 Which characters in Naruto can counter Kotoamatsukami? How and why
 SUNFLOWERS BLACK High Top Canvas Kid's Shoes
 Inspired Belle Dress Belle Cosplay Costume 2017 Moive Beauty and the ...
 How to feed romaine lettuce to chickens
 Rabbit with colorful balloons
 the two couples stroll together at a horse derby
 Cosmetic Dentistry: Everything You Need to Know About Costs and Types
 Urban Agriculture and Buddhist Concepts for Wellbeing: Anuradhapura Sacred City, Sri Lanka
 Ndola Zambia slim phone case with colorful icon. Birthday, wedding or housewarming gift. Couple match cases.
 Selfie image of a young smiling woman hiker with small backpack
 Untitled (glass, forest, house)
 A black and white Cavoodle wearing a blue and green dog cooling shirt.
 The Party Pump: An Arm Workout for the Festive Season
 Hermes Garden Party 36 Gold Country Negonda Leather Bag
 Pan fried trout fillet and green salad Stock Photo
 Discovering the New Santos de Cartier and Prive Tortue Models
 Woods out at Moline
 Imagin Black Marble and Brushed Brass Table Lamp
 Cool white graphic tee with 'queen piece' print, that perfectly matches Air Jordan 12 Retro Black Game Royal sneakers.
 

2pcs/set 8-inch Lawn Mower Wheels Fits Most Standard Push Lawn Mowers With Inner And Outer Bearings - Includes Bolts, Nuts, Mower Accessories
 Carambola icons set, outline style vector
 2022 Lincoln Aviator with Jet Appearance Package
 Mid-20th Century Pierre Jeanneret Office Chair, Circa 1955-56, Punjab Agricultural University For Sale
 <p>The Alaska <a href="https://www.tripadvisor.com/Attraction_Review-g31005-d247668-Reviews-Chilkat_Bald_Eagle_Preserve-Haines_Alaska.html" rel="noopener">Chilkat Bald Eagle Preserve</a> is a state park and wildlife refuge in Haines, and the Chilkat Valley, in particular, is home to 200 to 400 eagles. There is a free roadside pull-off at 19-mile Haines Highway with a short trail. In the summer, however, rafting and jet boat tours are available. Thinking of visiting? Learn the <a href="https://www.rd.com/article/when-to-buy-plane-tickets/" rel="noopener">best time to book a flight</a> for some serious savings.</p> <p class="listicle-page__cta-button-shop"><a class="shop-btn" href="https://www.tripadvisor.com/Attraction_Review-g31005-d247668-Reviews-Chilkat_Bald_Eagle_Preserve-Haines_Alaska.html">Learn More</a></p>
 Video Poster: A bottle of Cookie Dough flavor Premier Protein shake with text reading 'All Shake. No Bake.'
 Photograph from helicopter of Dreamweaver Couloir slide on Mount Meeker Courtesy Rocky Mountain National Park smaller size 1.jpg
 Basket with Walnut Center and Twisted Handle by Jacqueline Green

Exercise brief: Your response should consist of the data above, duplicated exactly.

Your response:
 Which characters in Naruto can counter Kotoamatsukami? How and why
 SUNFLOWERS BLACK High Top Canvas Kid's Shoes
 Inspired Belle Dress Belle Cosplay Costume 2017 Moive Beauty and the ...
 How to feed romaine lettuce to chickens
 Rabbit with colorful balloons
 the two couples stroll together at a horse derby
 Cosmetic Dentistry: Everything You Need to Know About Costs and Types
 Urban Agriculture and Buddhist Concepts for Wellbeing: Anuradhapura Sacred City, Sri Lanka
 Ndola Zambia slim phone case with colorful icon. Birthday, wedding or housewarming gift. Couple match cases.
 Selfie image of a young smiling woman hiker with small backpack
 Untitled (glass, forest, house)
 A black and white Cavoodle wearing a blue and green dog cooling shirt.
 The Party Pump: An Arm Workout for the Festive Season
 Hermes Garden Party 36 Gold Country Negonda Leather Bag
 Pan fried trout fillet and green salad Stock Photo
 Discovering the New Santos de Cartier and Prive Tortue Models
 Woods out at Moline
 Imagin Black Marble and Brushed Brass Table Lamp
 Cool white graphic tee with 'queen piece' print, that perfectly matches Air Jordan 12 Retro Black Game Royal sneakers.
 

2pcs/set 8-inch Lawn Mower Wheels Fits Most Standard Push Lawn Mowers With Inner And Outer Bearings - Includes Bolts, Nuts, Mower Accessories
 Carambola icons set, outline style vector
 2022 Lincoln Aviator with Jet Appearance Package
 Mid-20th Century Pierre Jeanneret Office Chair, Circa 1955-56, Punjab Agricultural University For Sale
 <p>The Alaska <a href="https://www.tripadvisor.com/Attraction_Review-g31005-d247668-Reviews-Chilkat_Bald_Eagle_Preserve-Haines_Alaska.html" rel="noopener">Chilkat Bald Eagle Preserve</a> is a state park and wildlife refuge in Haines, and the Chilkat Valley, in particular, is home to 200 to 400 eagles. There is a free roadside pull-off at 19-mile Haines Highway with a short trail. In the summer, however, rafting and jet boat tours are available. Thinking of visiting? Learn the <a href="https://www.rd.com/article/when-to-buy-plane-tickets/" rel="noopener">best time to book a flight</a> for some serious savings.</p> <p class="listicle-page__cta-button-shop"><a class="shop-btn" href="https://www.tripadvisor.com/Attraction_Review-g31005-d247668-Reviews-Chilkat_Bald_Eagle_Preserve-Haines_Alaska.html">Learn More</a></p>
 Video Poster: A bottle of Cookie Dough flavor Premier Protein shake with text reading 'All Shake. No Bake.'
 Photograph from helicopter of Dreamweaver Couloir slide on Mount Meeker Courtesy Rocky Mountain National Park smaller size 1.jpg
 Basket with Walnut Center and Twisted Handle by Jacqueline Green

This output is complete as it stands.